TASK TO COMPLETE =>
Your output should be the lines from the one containing "Żółty Notepad, czarny" through the last line below, both ends included, exactly as written and free of pictures.

=== SOURCE MATERIAL ===

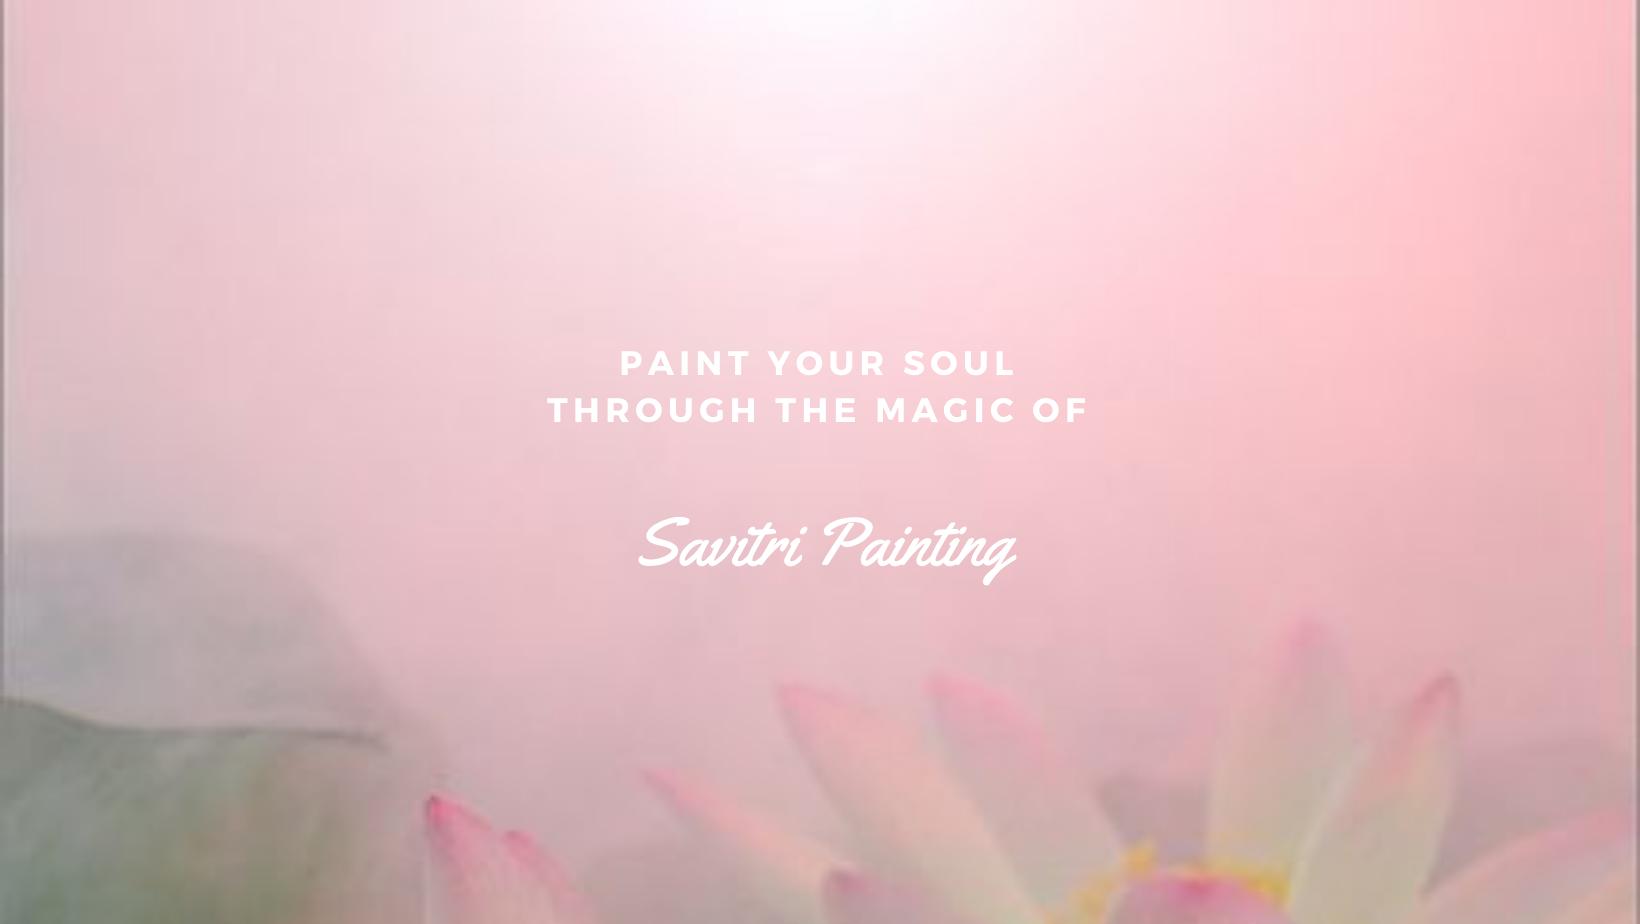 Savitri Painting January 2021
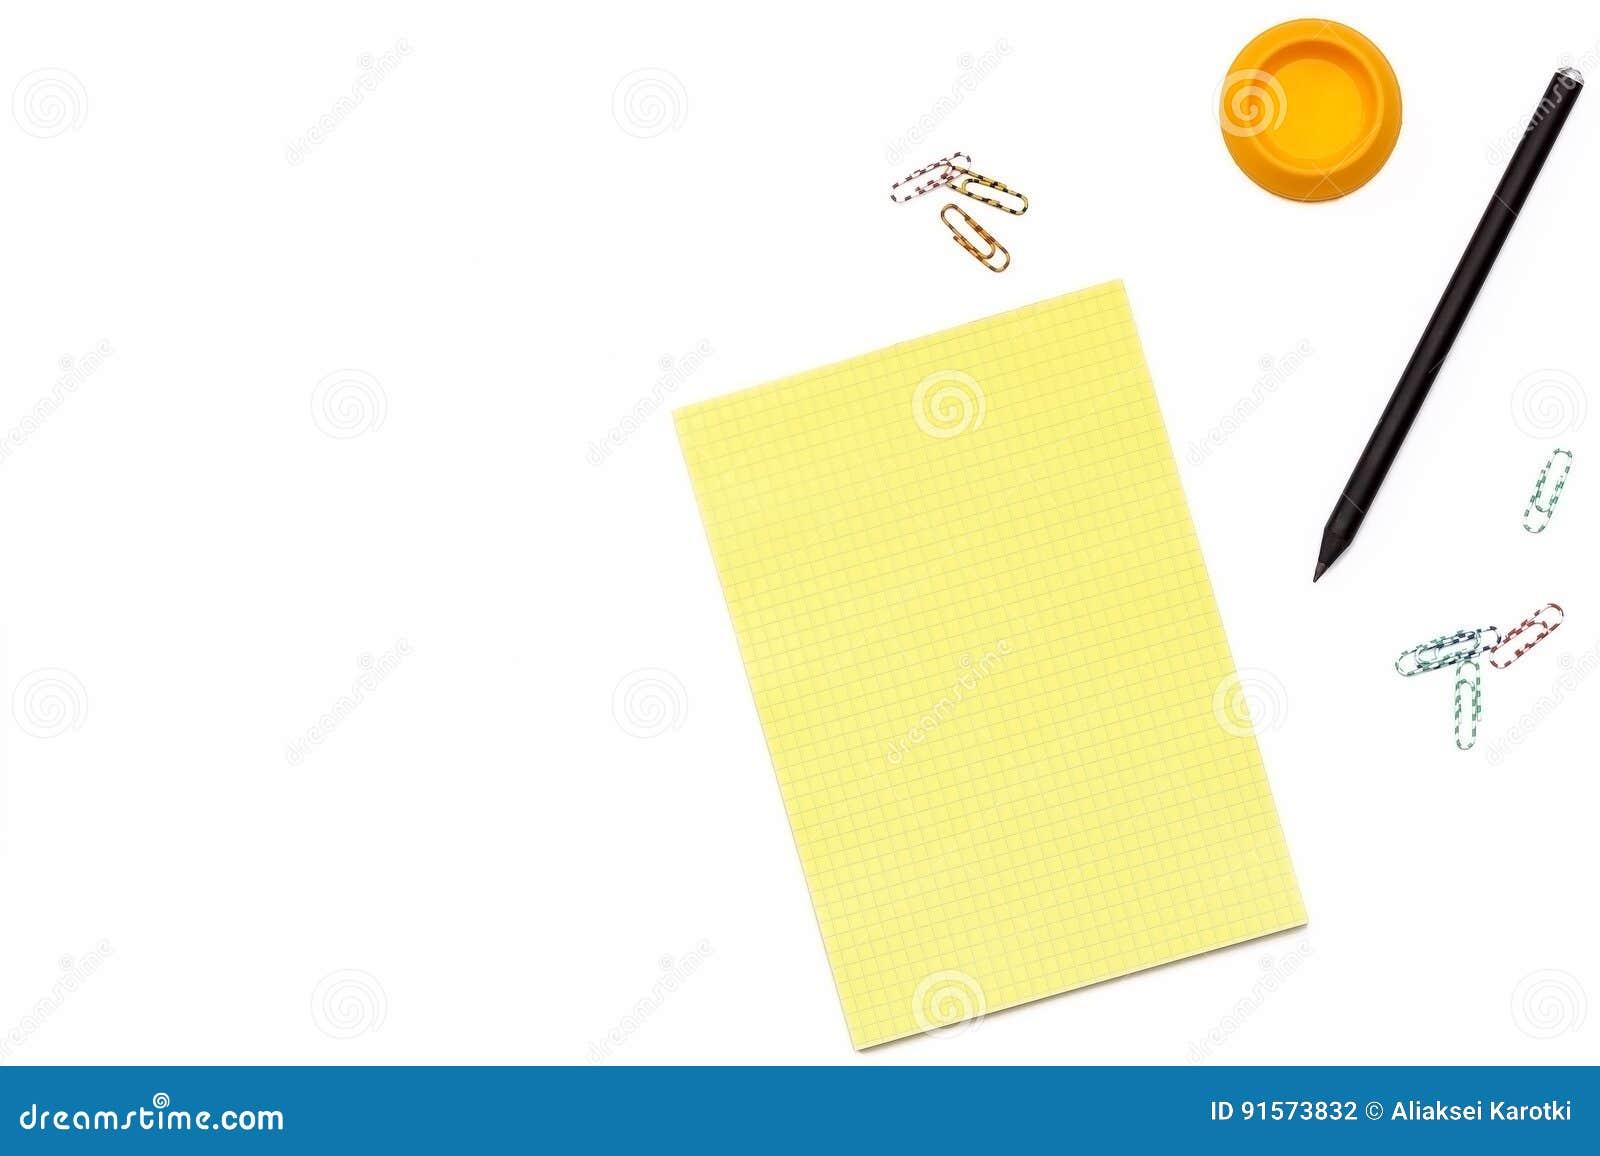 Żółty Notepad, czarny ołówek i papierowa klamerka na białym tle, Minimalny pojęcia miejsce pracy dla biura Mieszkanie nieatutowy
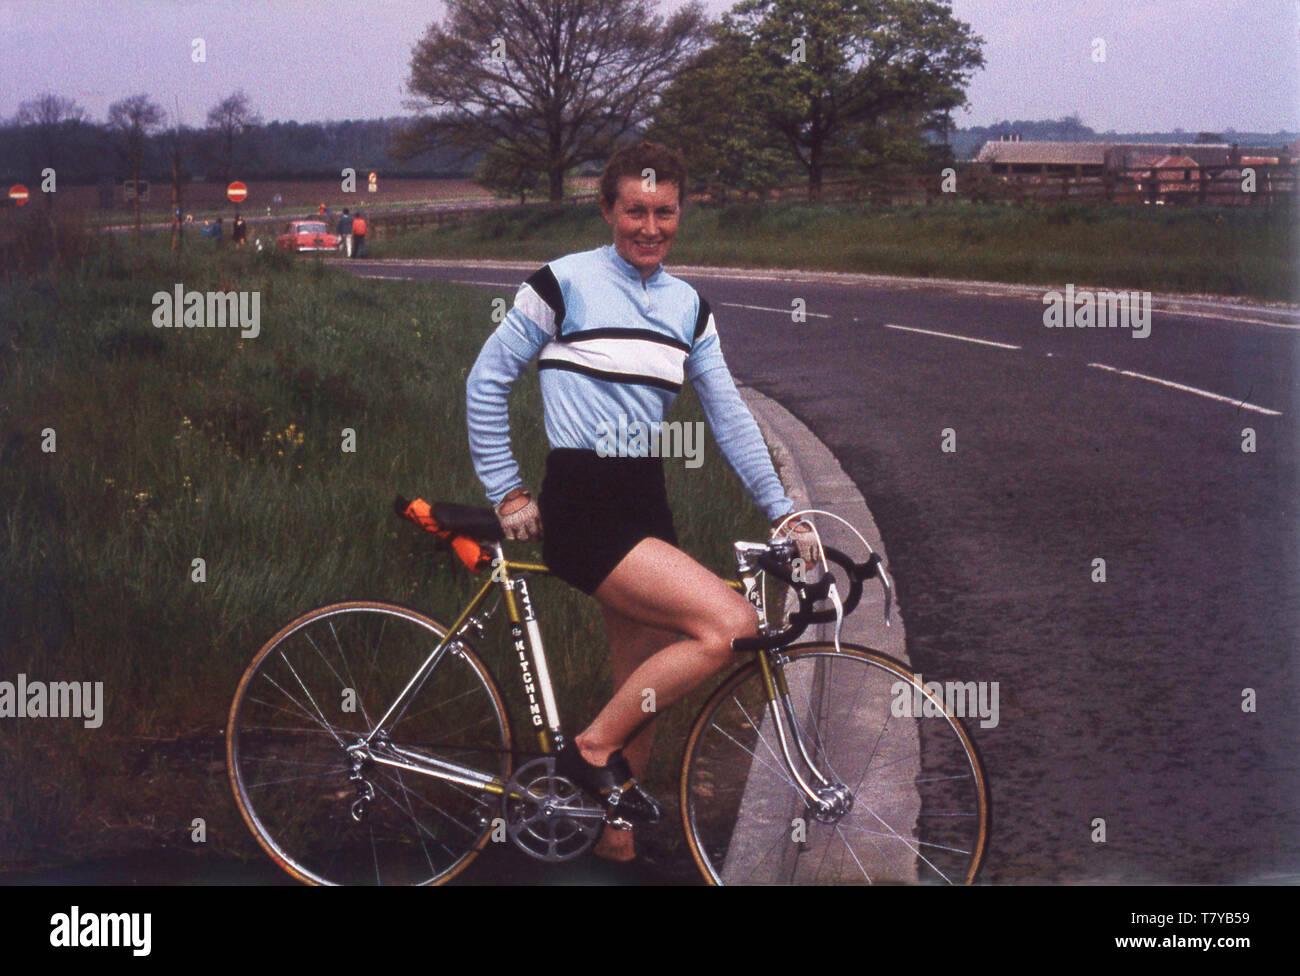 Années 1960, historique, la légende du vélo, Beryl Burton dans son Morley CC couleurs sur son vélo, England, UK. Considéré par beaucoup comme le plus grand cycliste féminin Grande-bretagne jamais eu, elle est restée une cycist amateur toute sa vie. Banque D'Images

===

EXPECTED OUTPUT =>
 Żółty Notepad, czarny ołówek i papierowa klamerka na białym tle, Minimalny pojęcia miejsce pracy dla biura Mieszkanie nieatutowy
 Années 1960, historique, la légende du vélo, Beryl Burton dans son Morley CC couleurs sur son vélo, England, UK. Considéré par beaucoup comme le plus grand cycliste féminin Grande-bretagne jamais eu, elle est restée une cycist amateur toute sa vie. Banque D'Images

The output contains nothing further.